Closed-loop systems in Type 1 diabetes and antitumor necrosis factor alpha therapy: Are currently available algorithms prepared for sudden changes in insulin sensitivity?
Automated insulin delivery by closed-loop systems (CLS) improves metabolic control in Type 1 diabetes (T1D), providing a flexible platform capable of matching their changing insulin requirements.1 We hereby report the case of a 24-year-old woman being adequately controlled by a CLS, whose T1D became unstable following a tumor necrosis factor alpha inhibitor (iTNF-α). After onset of diabetes at the age of 12, her metabolic control worsened progressively, with mean glycated hemoglobin (HbA1c) reaching 8.4% despite on multiple daily insulin injections supported by a carbohydrate counting plan. Accordingly, the patient started MiniMed 780G (Medtronic Northridge, California) in April 2022. After 1 month of CLS, HbA1c decreased to 7.3%. She progressively developed severe hidradenitis suppurativa (HS). Having failed conventional management, her dermatologist prescribed adalimumab, starting on September 14, 2023. The patient experienced substantial glycemic variability (GV), increasing time below range (TBR) within 2 weeks of starting adalimumab. Data from continuous glucose monitoring confirmed the increase in TBR from 2% to 7% and GV from 31% to 39% when comparing the 2 weeks with adalimumab with the 2 weeks preceding its start.

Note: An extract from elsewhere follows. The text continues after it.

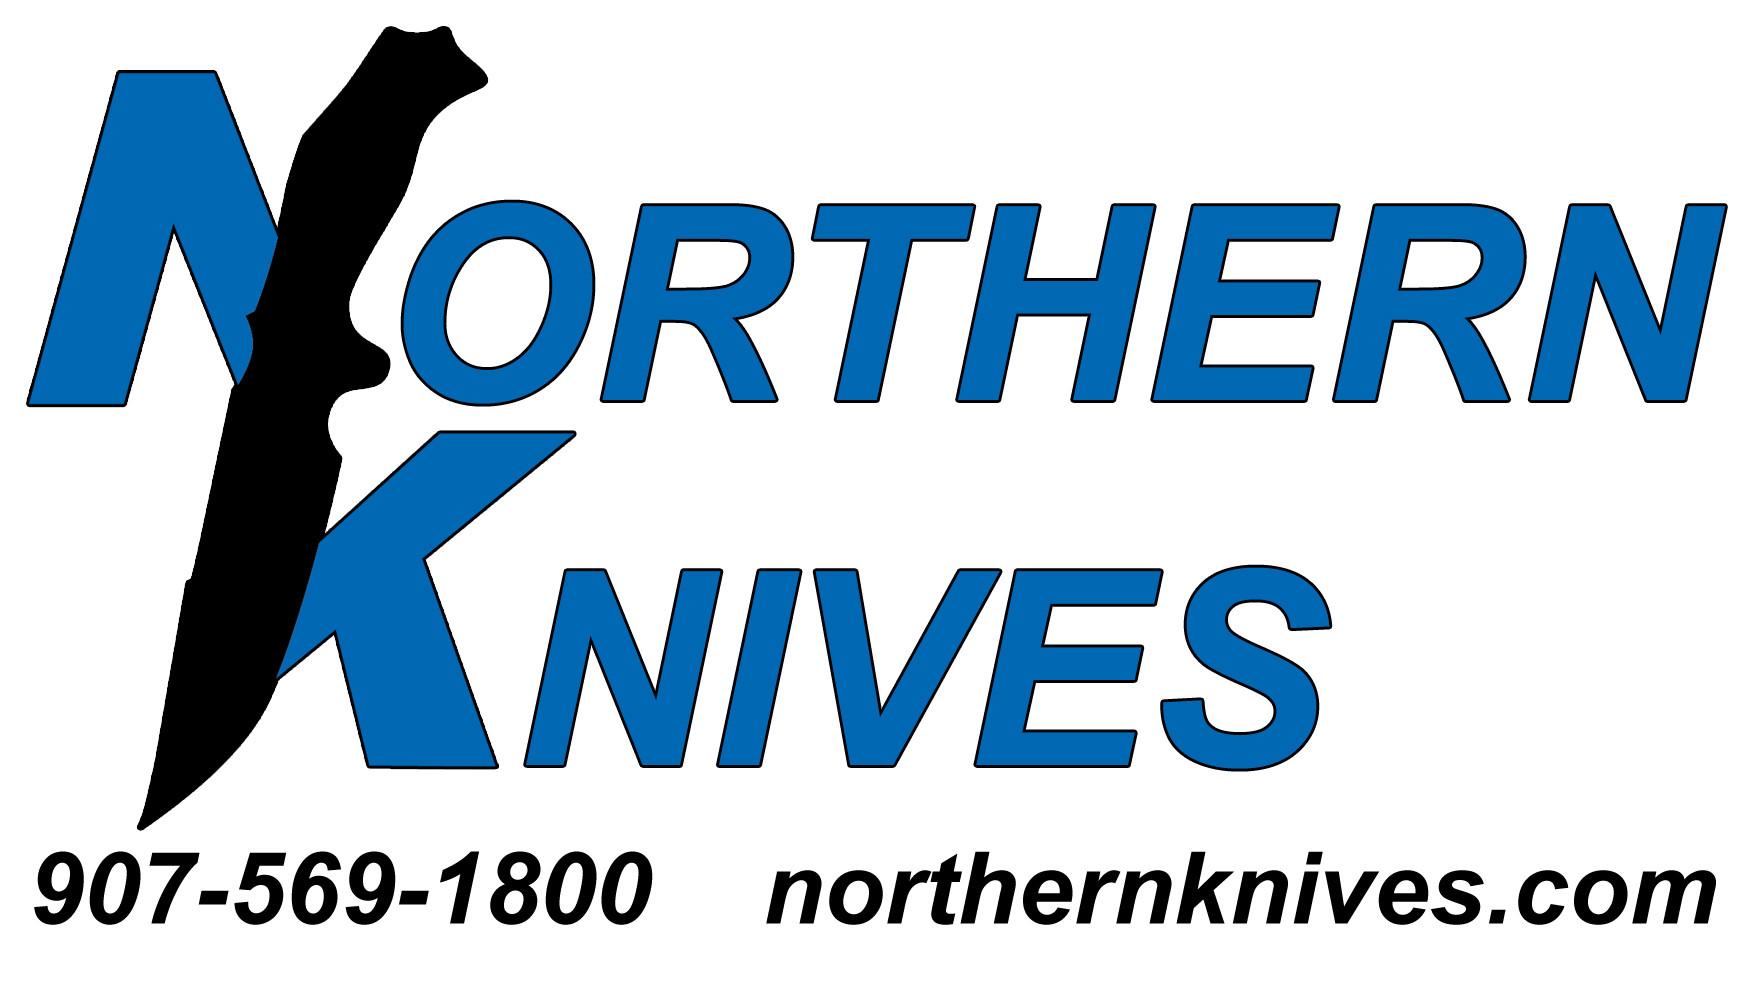 Northern Knives Alaska

The risk of hypoglycemia showed an overlap of several automatic self-correcting insulin boluses, despite adequate suspension of the automatic basal rate and late postprandial hypoglycemia despite basal insulin delivery being discontinued (Figure 1). Suspecting an increase in insulin sensitivity due adalimumab, the configuration of CLS was changed, increasing the target to 120 mg/dL, active insulin duration to 4 h, and canceling the corrective boluses. Finally, we recommended her dermatologist to find a pharmacological alternative for HS.
Cell immunity and proinflammatory cytokines including TNF-α are involved in the pathogenic process of HS.2, 3 Data on sex hormones suggest that androgen excess may favor HS development in female patients. In conceptual agreement, the presence of functional hyperandrogenism in one out of every four female patients with T1D may underline the high frequency of newly diagnosed HS among these women.4
Hypoglycemia induced by iTNF-α is related to reduction in inflammation-induced insulin resistance. TNF-α induces insulin resistance by serine/threonine phosphorylation of the insulin receptor 1 substrate, interferes with normal phosphorylation of tyrosine, and impairs signal transduction of insulin resulting in insulin resistance through increasing the activities of the NF-κB transcriptional factor, protein kinase C, amino terminal kinase, and inhibitor kinase.5 We hypothesized that adalimumab led to a sudden increase in insulin sensitivity in our patient, not adequately compensated by the CLS, increasing the risk of hypoglycemia.
The main concept underlying learning is “run-to-run control”, widely applied in batch processes, where adjustments are made after each batch. In the context of a CLS, a “batch” is considered as a given past-time window, where specific glycemic control features are measured making parameters adjustments accordingly, usually with constraints for the sake of safety. This requires batch-to-batch repeatability for convergence, as high variability is a challenge for self-learning. This clinical case illustrates the limitation of current CLS in adapting to sudden changes in insulin sensitivity. We must advise patients with a CLS and iTNF-α to make preventive adjustments to the algorithm configuration to avoid hypoglycemic events.
FUNDING INFORMATION
This report is not funded.
DISCLOSURE
None of the authors have any competing financial interest to disclose.